Romario en el escenario
La teatralidad de la brasileña Elisa Lucinda alegra un festival de poesía algo protocolario
El miércoles por la noche el fútbol estaba desterrado del Palau de la Música Catalana, donde tenía lugar el XVI Festival Internacional de Poesía de Barcelona, la guinda del ciclo Barcelona poesia. Muchos hubieran querido que esa noche estuviese desterrado del planeta, y no por estar contra el deporte. Por eso las risas sonaron algo quebradas cuando el organizador, el poeta Àlex Susanna, agradeció al Barça "la delicadeza de no haber pasado a la final", cosa que sin duda hubiese impedido el lleno que registró el Palau.Vamos a hablar del espectáculo. Primero, de la escenografía de Iago Pericot, anunciada a bombo y platillo. A tele y sombrilla, hubiese sido mejor, pues ésos eran los elementos que la conformaban: 24 pantallas catodizando la imagen de una boca abierta en el momento de decir "¡oh, es él!" y 13 sombrillas blancas, modelo Vinçon, protegiendo a los poetas de unos malos tiempos que parecen haber pasado a la historia. Después, en el primer relevo entre Sarsanedas y Guillermo Carnero (cumplidores ambos), se vio que la boca se movía (para pronunciar sin voz la voz poema en dialecto tortosino, aunque también podía estar diciendo "polèmic" o "en volem més").

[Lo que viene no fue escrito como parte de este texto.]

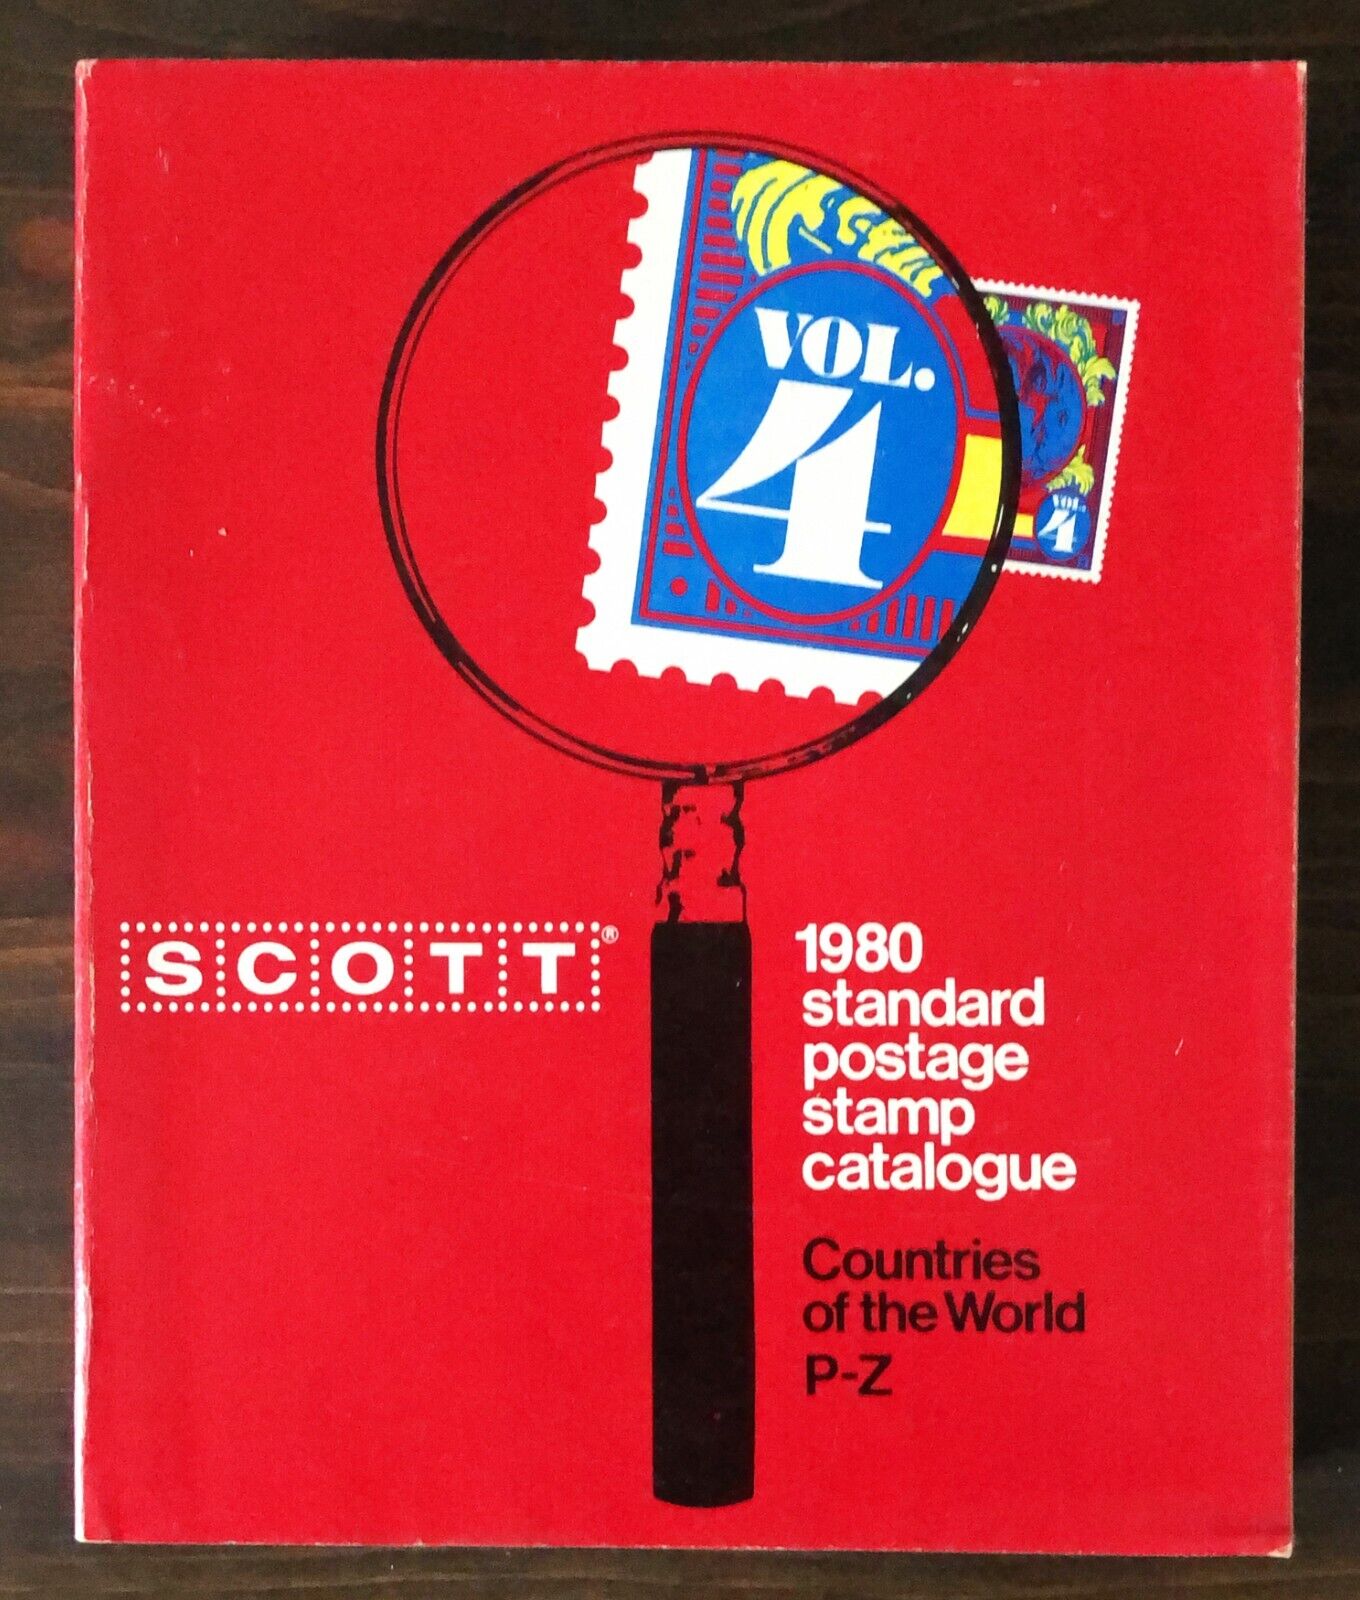 Scott Standard Postage Stamp Catalogue 1980 Vol 4

Segundo, de la vestimenta. Porque a lo solemne de un evento serio como éste contribuye sin duda la sobriedad del traje oficial de poeta, que para la ocasión compensa el negrísimo habitual con una leve policromía (beis, gris, blanco), aunque tres de los caballeros se permitieron la desfachatez de presentarse desencorbatados: el libanés Abbas Baydoun, el cubano Ramón Fernández Larrea (sustituto, aunque nadie lo hubiera dicho, de la indispuesta Reina María Rodriguez) y el autóctono Raimon Ávila (acorde con su definición de poesía: "Administració homeopàtica de bogeria que salva"). Claro que la palma se la llevaba el gallego Ramiro Fonte, ataviado de representante de pompas fúnebres (y no obstante aplaudido por su poema en memoria de Auschwitz), en dura competencia con el chipriota Michalis Pieris (cuyo griego platónico sumió al respetable en el temor de la caverna). El mallorquín Bartomeu Fiol y el valenciano Jaime Siles tienen demasiada humanidad para fijarse en esos detalles, así que ambos prefirieron ser recordados por recitar con clase (y derroche de cuerdas vocales, el primero) su buena poesía.
A propósito de ellas
Tercero, de ellas. Porque dos iban de negro riguroso pero elegante, aunque a la quebequesa Hélène Dorion le sirvió para esconderse tras su vocecita y en cambio a la croata Sibila Petlevski para electrizar al público con su interpretación de Cruella de Vil: susurrando en croata y maldiciendo en inglés, se la veía a punto de lanzar una imprecación que mandaría a todos los presentes al infierno en una nube de sulfuro. En cuanto a la brasileña... ¡Ah, la brasileña! Eso no era poesía, eso era teatro, cabaret, revista. Cubriendo apenas su piel de color arena de Copacabana al atardecer con un vestido muestra de Ariel lava más blanco pero encoge, y encima un chal ante cuyo verde chillón Crivillé pasaría de 0 a 100 en medio segundo, Elisa Lucinda demostró en 10 minutos de show total por qué dirige una escuela de recitar: se acercó al estrado contorneándose, pasó de largo para acercarse más al público, se despojó del semáforo, se sentó en una de las pantallas, se levantó... y se lanzó a un recitado explosivo, colorista, gestual, culebronesco. De memoria, por supuesto. Riendo, llorando y suspirando, hablando del drama de las meninas da rua y de la torpeza de los hombres en el amor. Se metió al público en la vuelta del vestido. ¿Que eso no era poesía? ¿Pero no íbamos a hablar de espectáculo?